Todos vigilaban. Todos callaban. Las miradas se tornaron más pesadas; el énfasis de cada palabra no descubierta, escondida, aumentaba al ritmo de los latidos que escuchaban aquellas cuatro paredes. La monjita salió de la habitación.

Tuve miedo de que la cara angelical de la mujer del Francés se posara sobre mí.

—Adiel, por favor, ¿te importaría ir a alguna plaza, o barbería, a comprar jabón de brocha y unas cuchillas para afeitar a mi marido? Seguro que por aquí cerca hay alguna botica o algún otro establecimiento que puede venderte los bártulos. Puedes preguntarle a la hermana…

Tuve miedo de que la cara angelical…, tuve miedo, ¡y me sentí feliz de que esos ojos me encontraran!

—Claro que sí.

Le dirigí una mirada a Tortosa. Él asintió con vehemencia. Cogí los dineros que me tendía Clarisse, y sin más preámbulos salí del hospital, sin preguntar a nadie, en busca de esa plaza donde encontrar lo que me habían encomendado.

Por espacio de tres cuartos de hora deambulé entre el laberinto de calles que rodeaban el lugar. Aquel entresijo de monumentos olía a brujería y a crímenes sin resolver. Mi imaginación devoraba imágenes e improntas inexistentes a un ritmo de miles de historias por segundo. Dejé que fuese mi maltrecha intuición la que me guiase por las avenidas solitarias en busca de un tenderete, tal vez en un viejo mercado de abastos. Recorrí los mismos pasos alguna que otra vez, hasta que, tímidamente, vi aparecer a lo lejos lo que parecía una torreta de moros o cristianos muy antigua. Quizá fue el azar, quizá esa intuición de la que antes he hablado, o quizá el maldito destino, pero fuera lo que fuese, en aquel mismo lugar en el que fijé mi vista un segundo antes, distinguí, sin lugar a dudas, el perfil inconfundible de mi amada Dulce; y ¡me maldigo ahora!, porque me atacó, fruto de la sorpresa, una más que tonta parálisis por todo mi cuerpo que me hizo perder el empuje y el trote necesario para acercarme hasta donde ella. Para cuando reaccioné, ese perfil inmaculado había desaparecido.

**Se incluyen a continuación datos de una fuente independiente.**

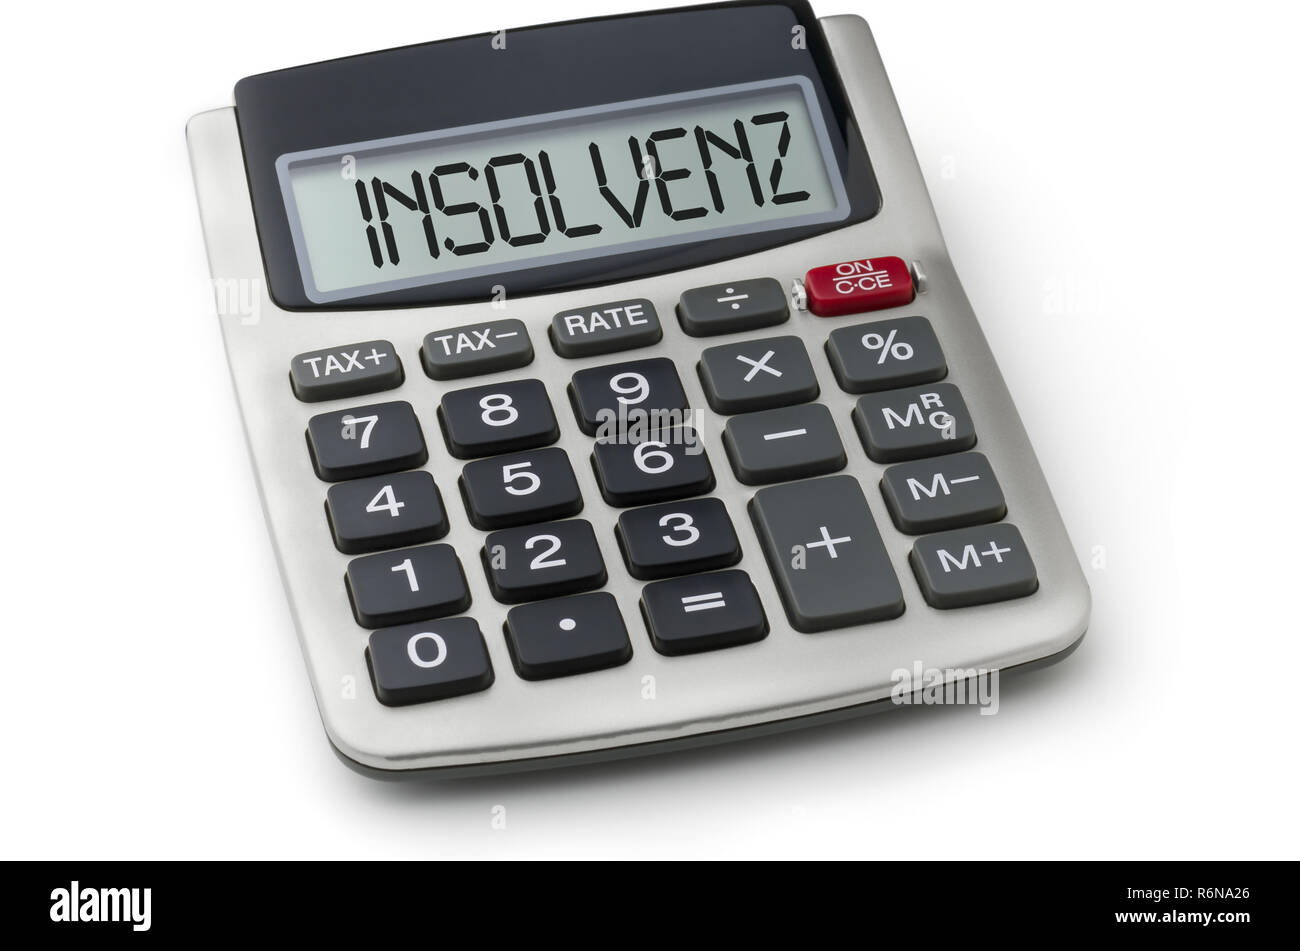 calculator with the word bankruptcy in the display Stock Photo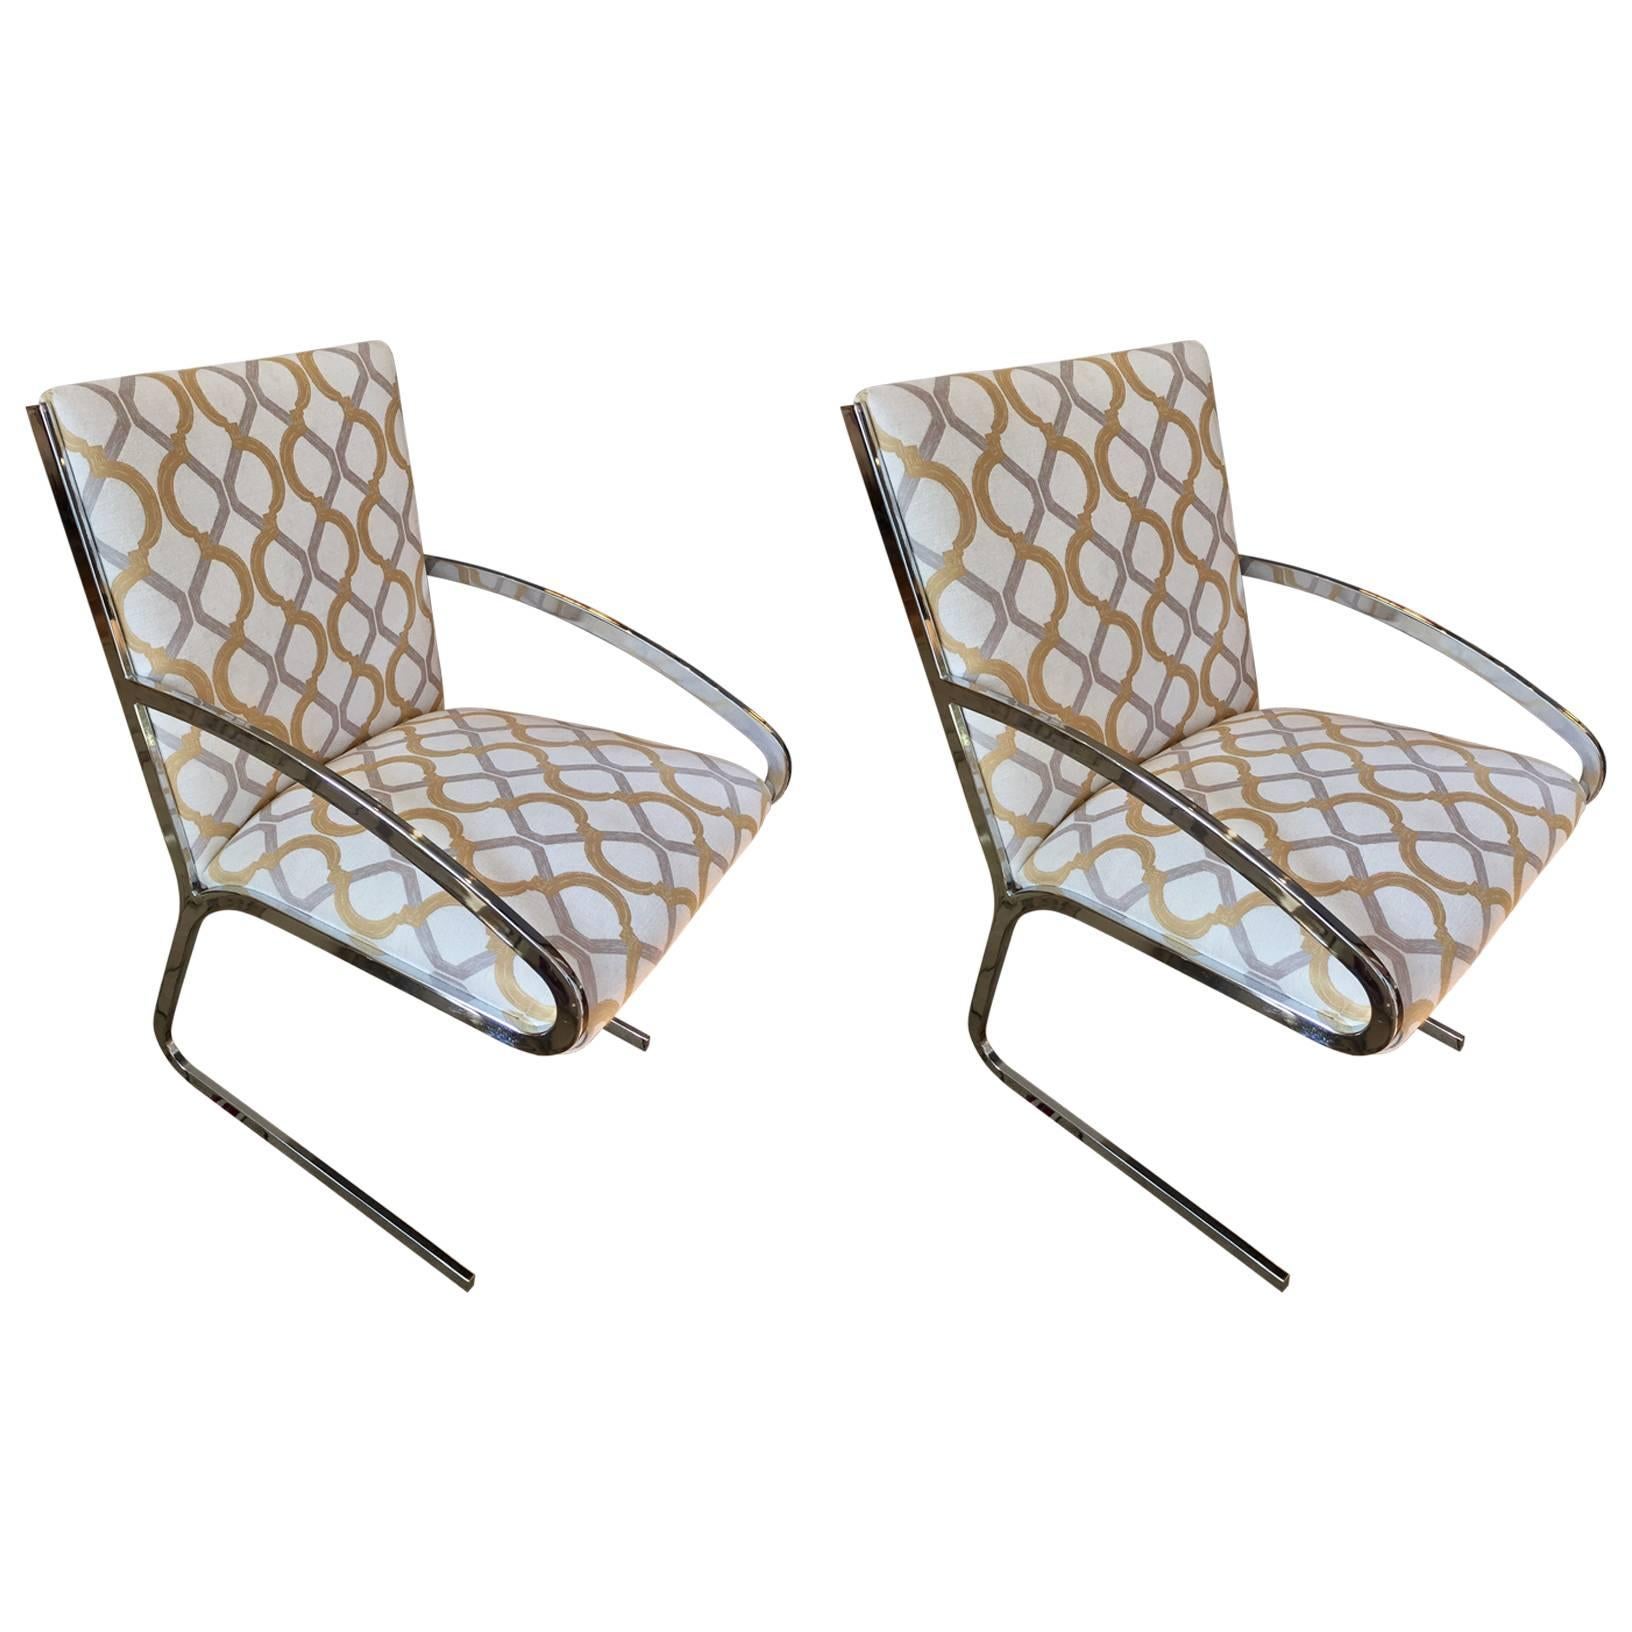 Pair of Mid-Century Modern Chrome and Chenille Armchairs

No sé a ciencia cierta por qué nunca le dije nada a nadie de aquella visión. Lo más probable era que ninguna persona, ni aun yo mismo, podía ser merecedora de un sobresalto tan amable y encendido como el despertar de aquel sueño de enamorados. Cuando llegué al lugar donde creía haberla visto, una jauría de mujeres, viejas, jóvenes, guapas, feas y estropeadas las que más, aparecieron al torcer el costado de un edificio amarillo y empinado. Era un mercado, un tropel de idas y venidas, con las chanzas de los tenderos, las ofertas de dos melones a ojo de pobre, el peso de la carne apilada encima de la madera ennegrecida del mostrador. Toda una cuadrilla de personajes que se arremolinaban en torno a una circunferencia con forma de mirador prodigioso. Me puse a preguntar a diestro y siniestro a todos los vendedores y viandantes con los que tropezaba; les decía si habían visto a una joven hermosa, con la belleza ceñida en su rostro como la más pura de las rosas. Algunos me negaban con la cabeza, otros se mofaban de mí, y los había que señalaban a todas las mujeres sin la menor de las deferencias hacia el buen gusto.

Desistí.

Entré en una droguería y compré jabón, una brocha y una navaja afilada de una sola cuchilla. Volví sobre mis pasos, con el pensamiento truncado. Yo he procurado vivir en mis actos. Con las yemas de mis dedos he tomado el pulso al mundo, he arrancado las ganas de morir a la depresión, he intentado desenmascarar todas las emociones que me han embargado, he abrazado lo que no huía de mi presencia y estaba delante de mí, sin mentiras. Pero no siempre ha sido así. En aquel momento de mi vida me sentía profundamente humillado. Y lo estaba porque no tenía orgullo al que sobreponerme, desconocía realmente si estaba enamorado de Dulce, si los deseos que me empujaron a la envidia la noche que vi juntos a Tortosa y a Clarisse no eran sino celos de un arrepentido embustero. Todas esas ideas sobre la inocencia, la verdad, la fidelidad o el deseo, me tenían confuso.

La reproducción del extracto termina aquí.